Whether it’s a cron job or a manually scheduled job, there isn’t a builtin way to disable a job.

The fix:

Doesn’t support async

Celery doesn’t support asyncio, so you’re out of luck if you’re using async.

The fix:

  • Not great, but you could wrap all your async calls with asyncio.run().

Automated testing is difficult

When looking into testing for Celery you’ll see the task_always_eager option pop up, which shouldn’t be used since it skips the Celery specific serialization and job storage.

The docs also suggest relying on mocking which results in brittle tests.

The fix:

Serialization issues are common

It’s easy to write a Celery task that takes an argument that isn’t serializable and you won’t know until runtime.

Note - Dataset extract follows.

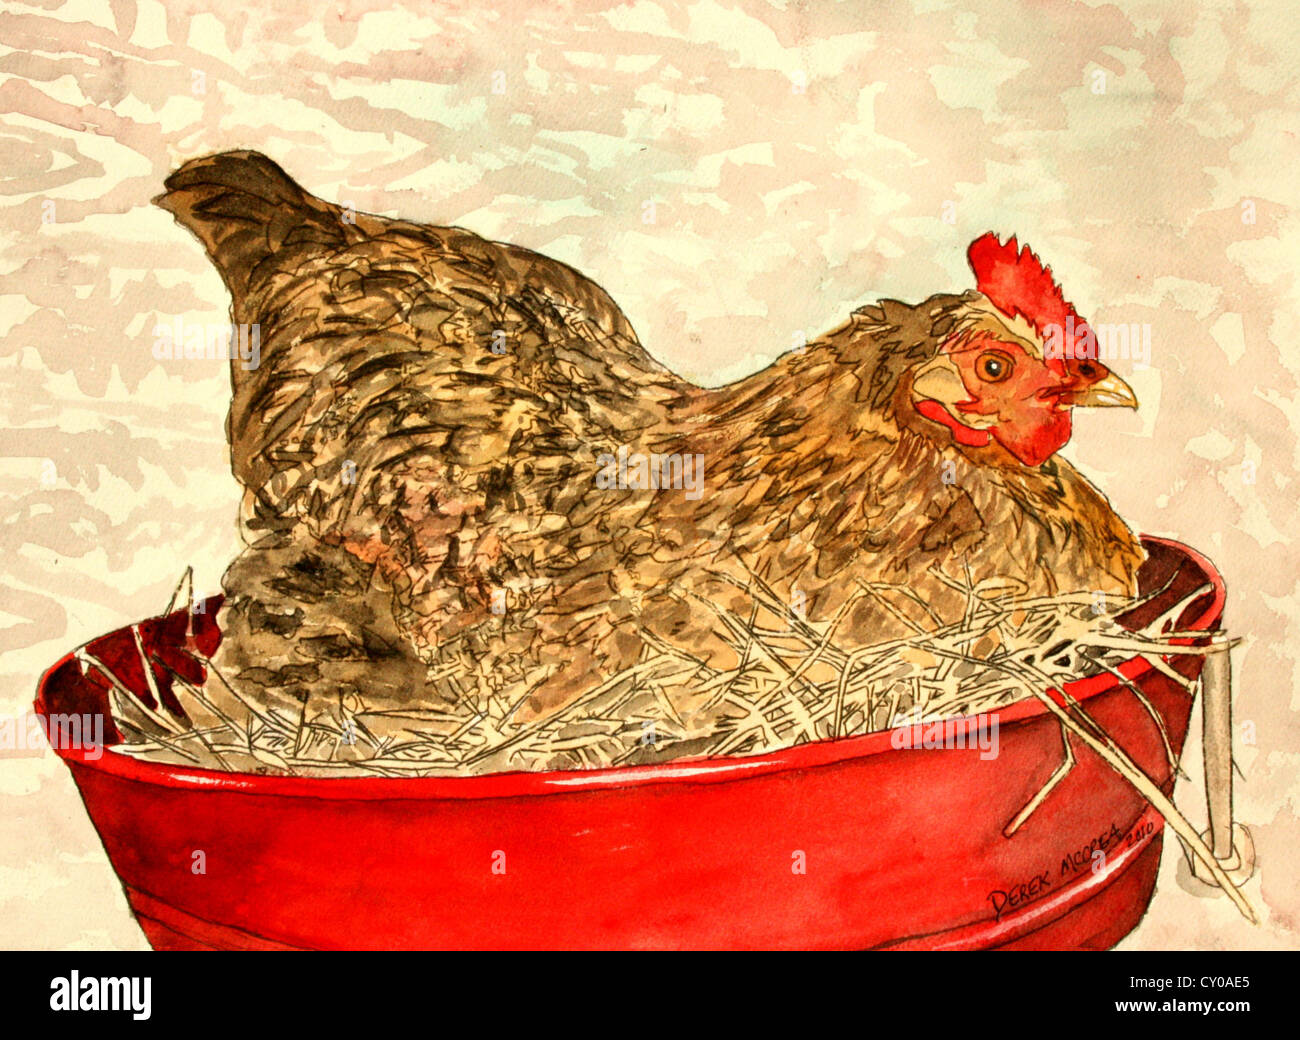 Animaux de ferme poule poulet illustration peinture Banque D'Images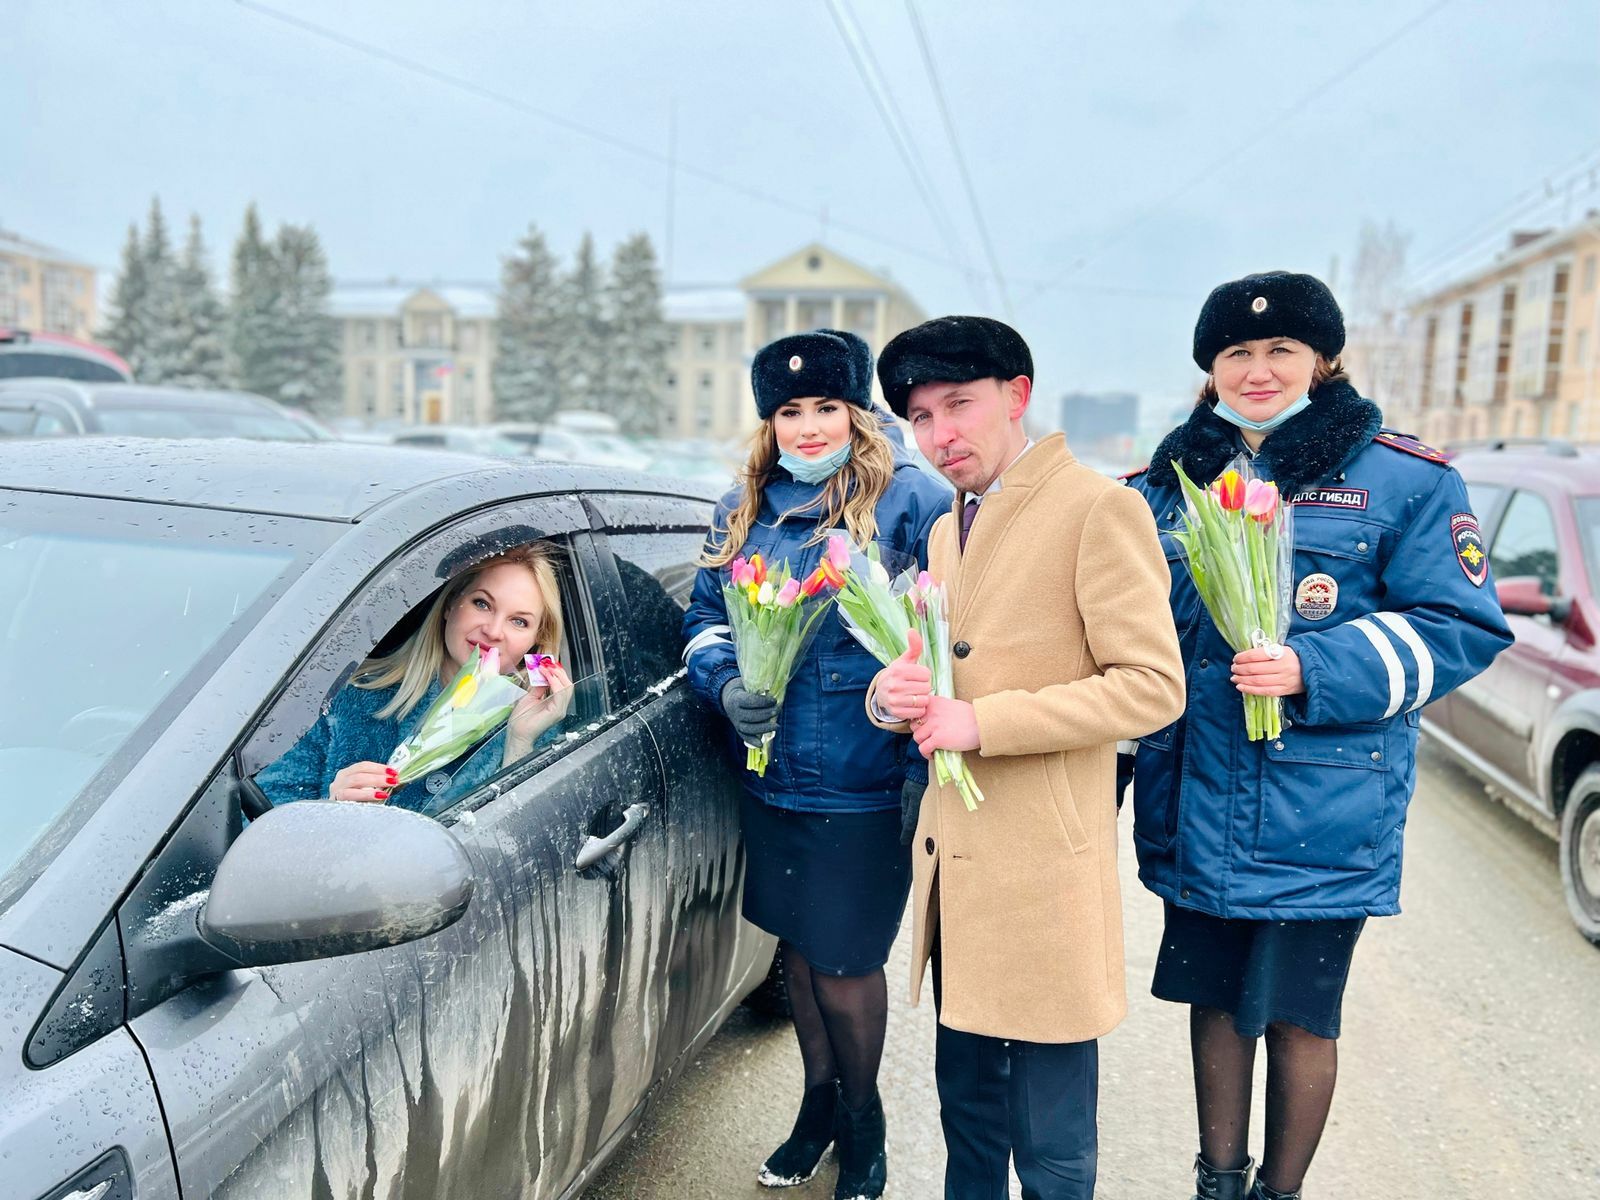 В Альметьевске сотрудники ГИБДД поздравили автоледи с праздником и вручили тюльпаны

Another gotcha is using pickle instead of json for serialization. pickle can serialize more objects by default but comes with its own caveats.

The fix:

  • Write automated tests that exercise serialization
  • Think about your serialization format

Monitoring story isn’t great

There are docs for monitoring but Celery is pretty limited in what it provides by default.

The fix:

  • Instrument Celery yourself, especially your queues!

Type checking

The Celery internals aren’t type checked and there aren’t types for public APIs. You can use celery-types, but it’s limited in strictness.

The fix:

  • Live with it

Conclusion

If you’re project is heavily invested in Celery, it’s tricky to migrate, so implementing the available fixes might be best.

For a new project, I wouldn’t use Celery. The biggest issue is how easy it is to lose jobs. Instead I’d use a transactional outbox setup with some workers.

Also worth looking into the new hotness, Temporal, but it has its own learning curve.

In general, be careful how you enqueue your jobs and ensure changes to your tasks are backwards compatible.